= DATA EXCERPT =
··········

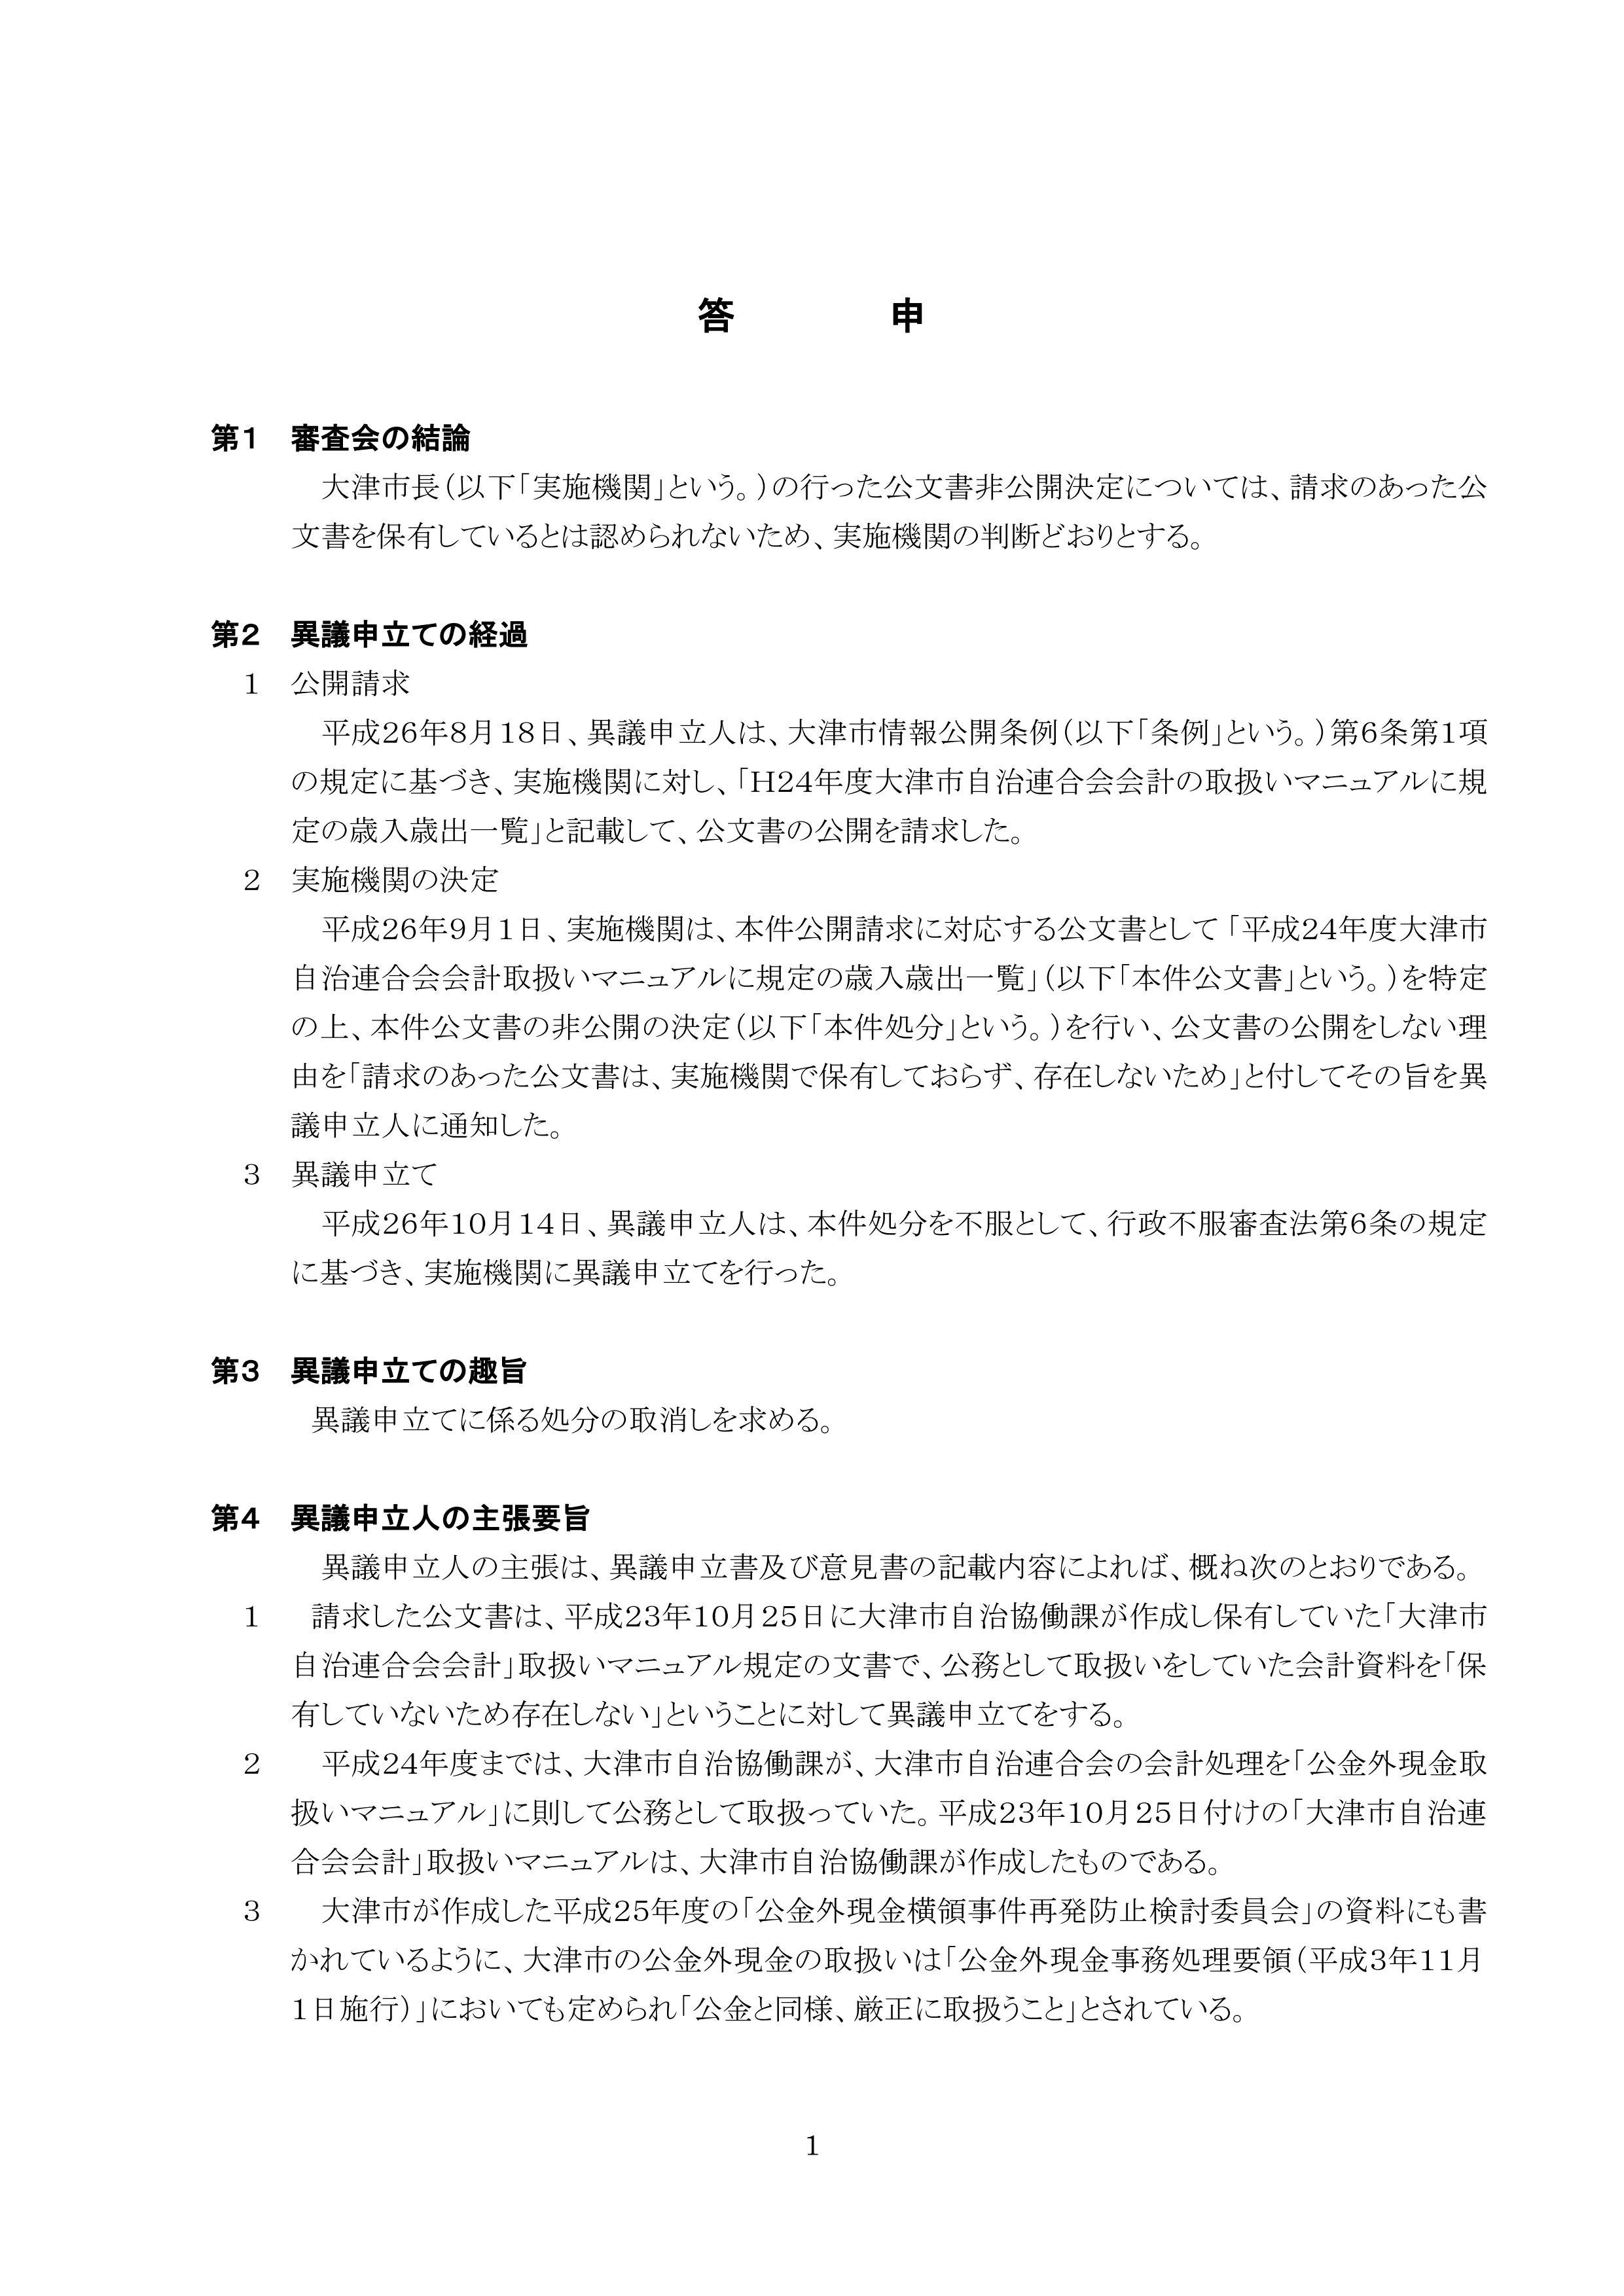 大津市の答申27_03
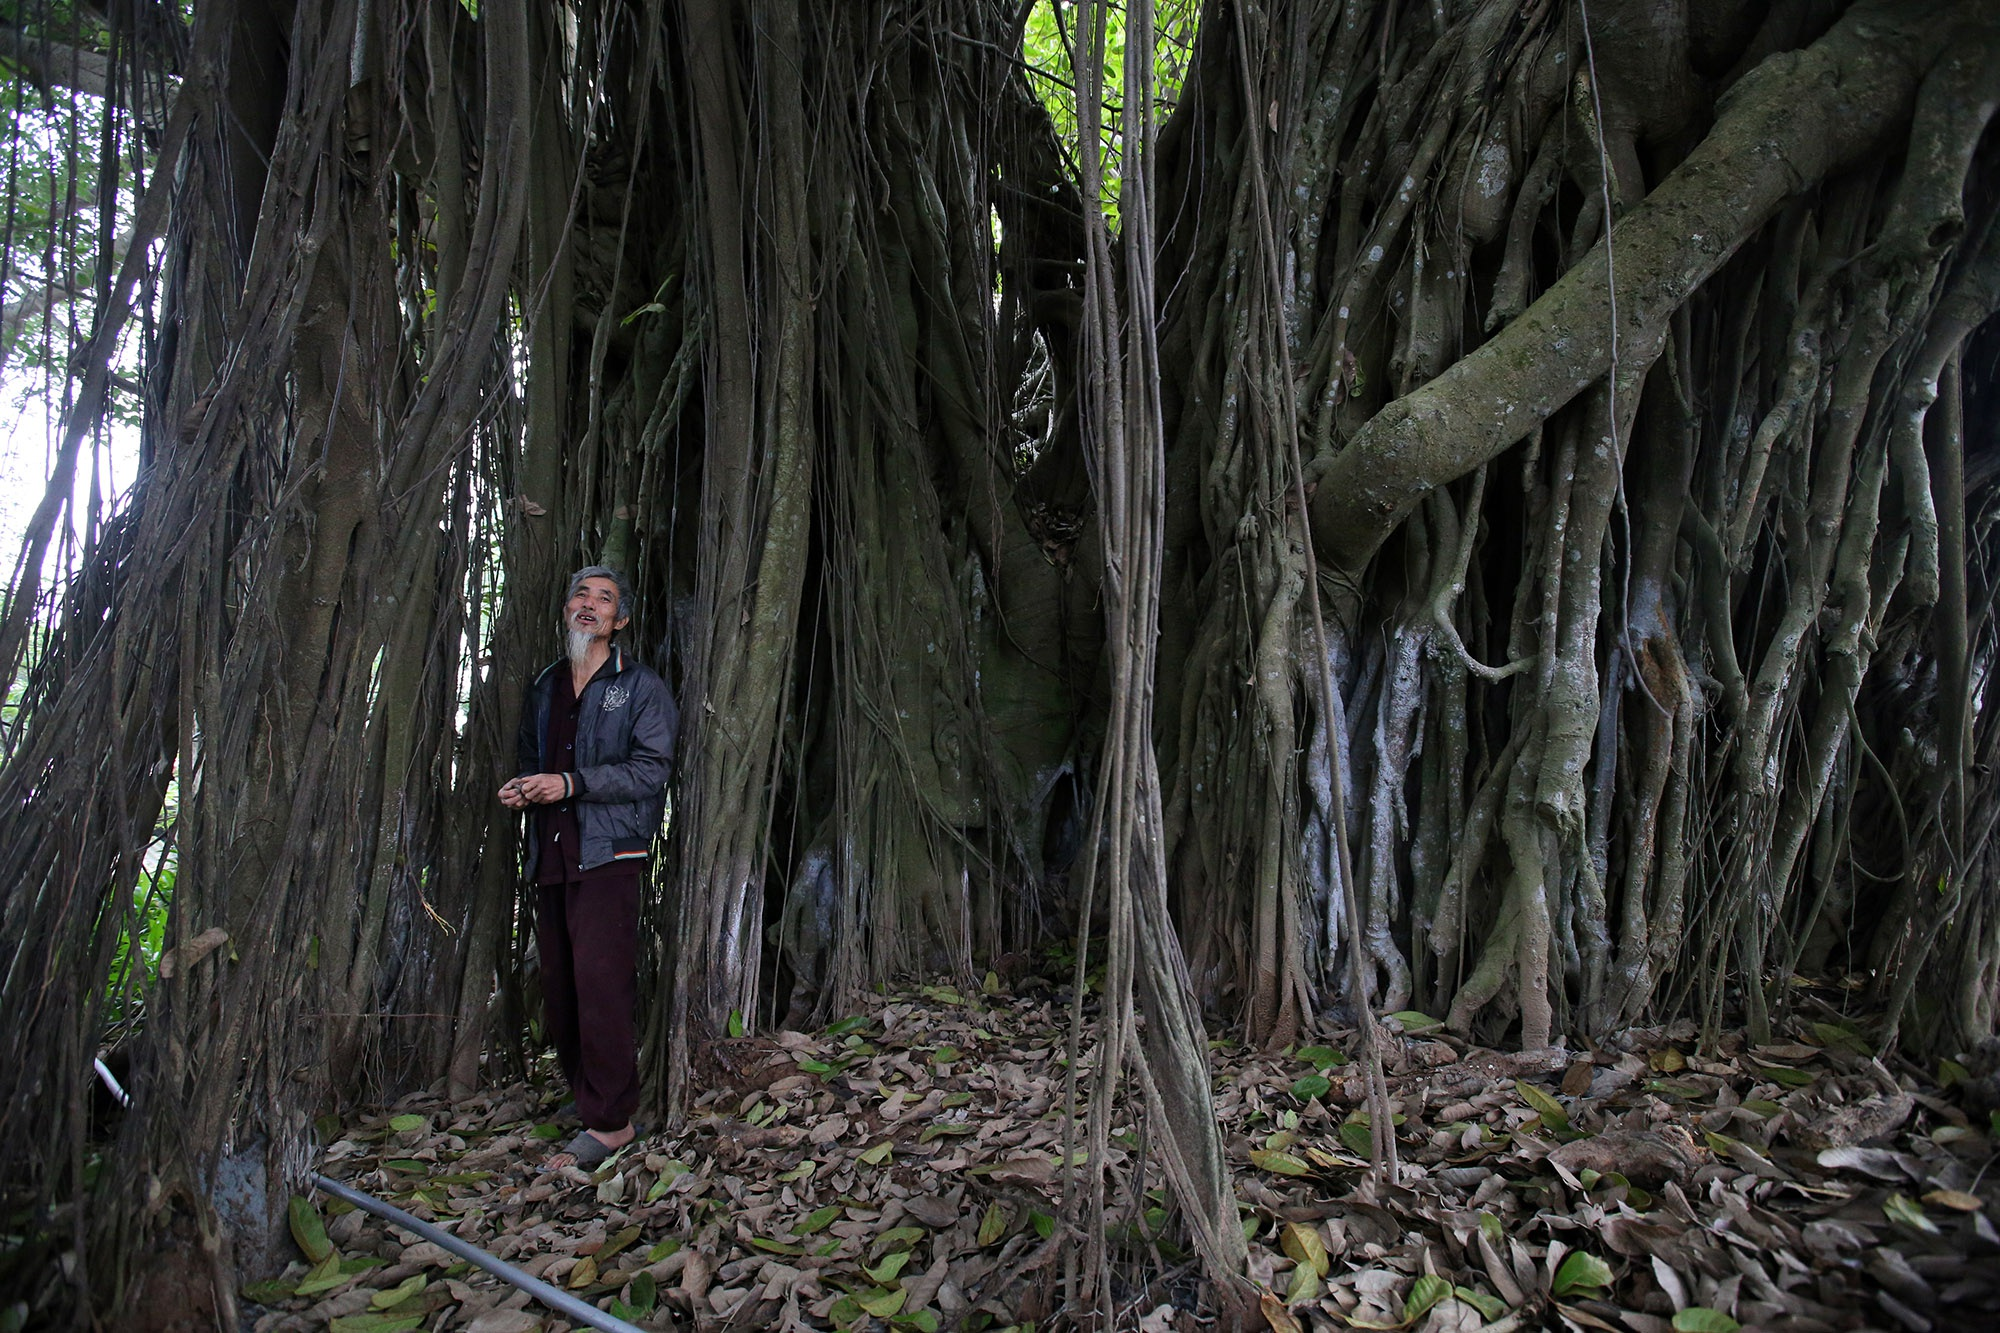 Chuyện ít người biết về cây đa khổng lồ ở xã Viên Nội - 3
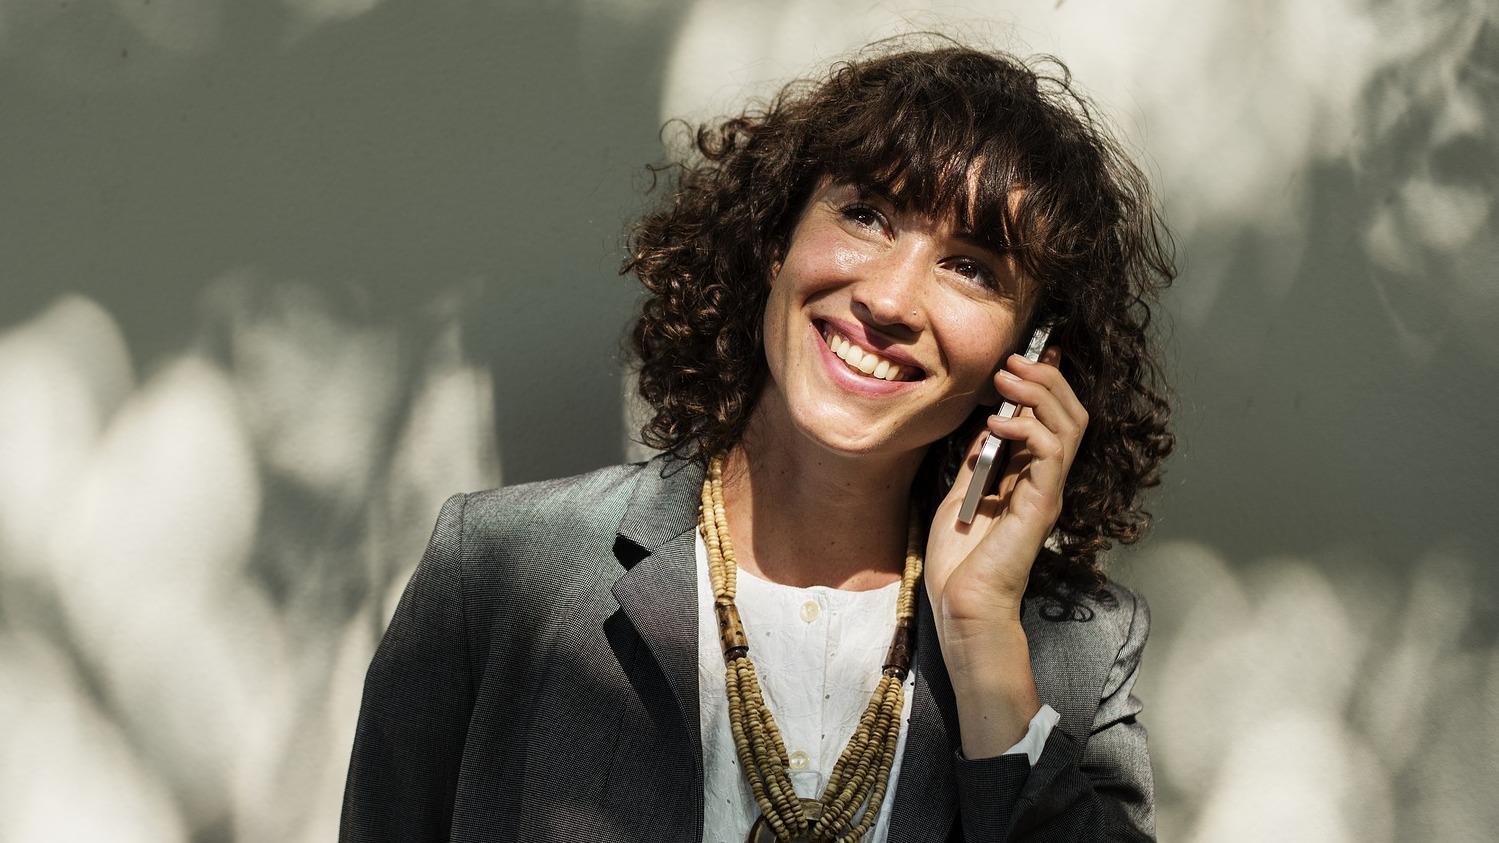 ラジオの「逆電」で電話をかけてもらえる方法!採用確率をアップさせる応募メールの書き方!
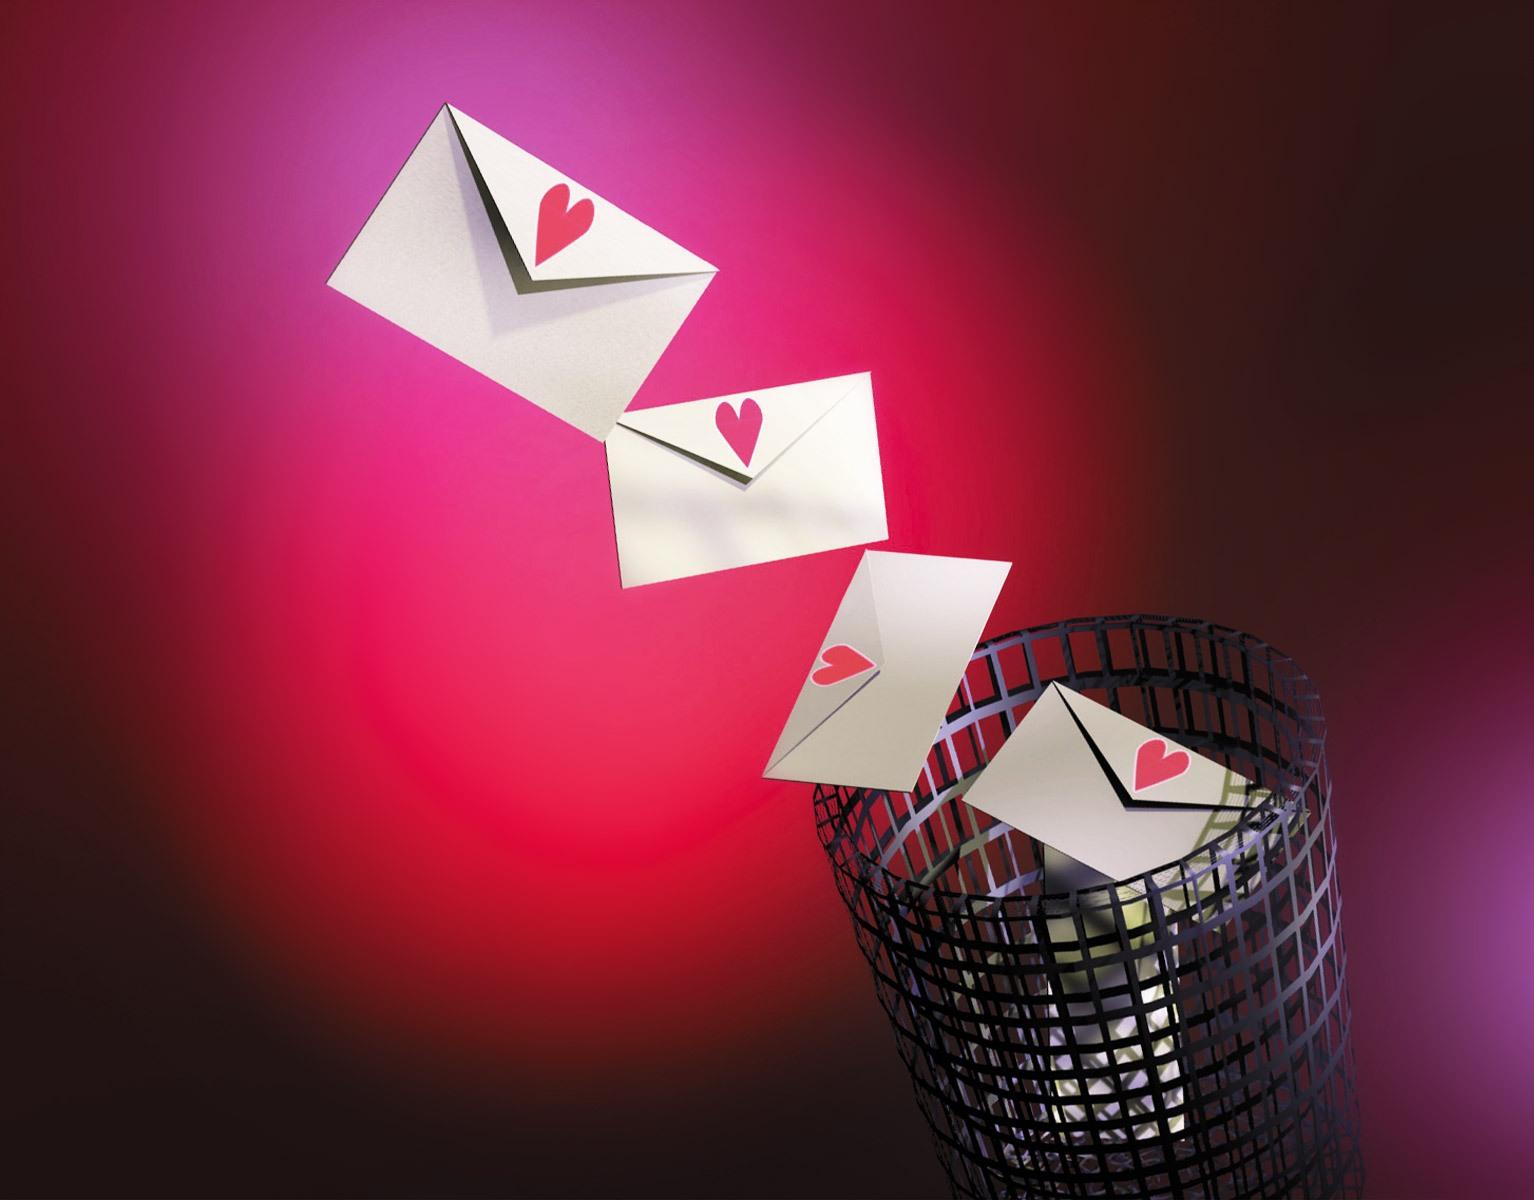 Popular Wallpaper Harry Potter Letter - Love_Letters_wallpaper  Graphic_423487.jpg

··········

= DIRECTIONS FOR THIS TASK =
Give the data again exactly as written, with no pictures included.

= RESPONSE TO THIS EXERCISE =
 大津市の答申27_03
 Chuyện ít người biết về cây đa khổng lồ ở xã Viên Nội - 3
 ラジオの「逆電」で電話をかけてもらえる方法!採用確率をアップさせる応募メールの書き方!
 Popular Wallpaper Harry Potter Letter - Love_Letters_wallpaper  Graphic_423487.jpg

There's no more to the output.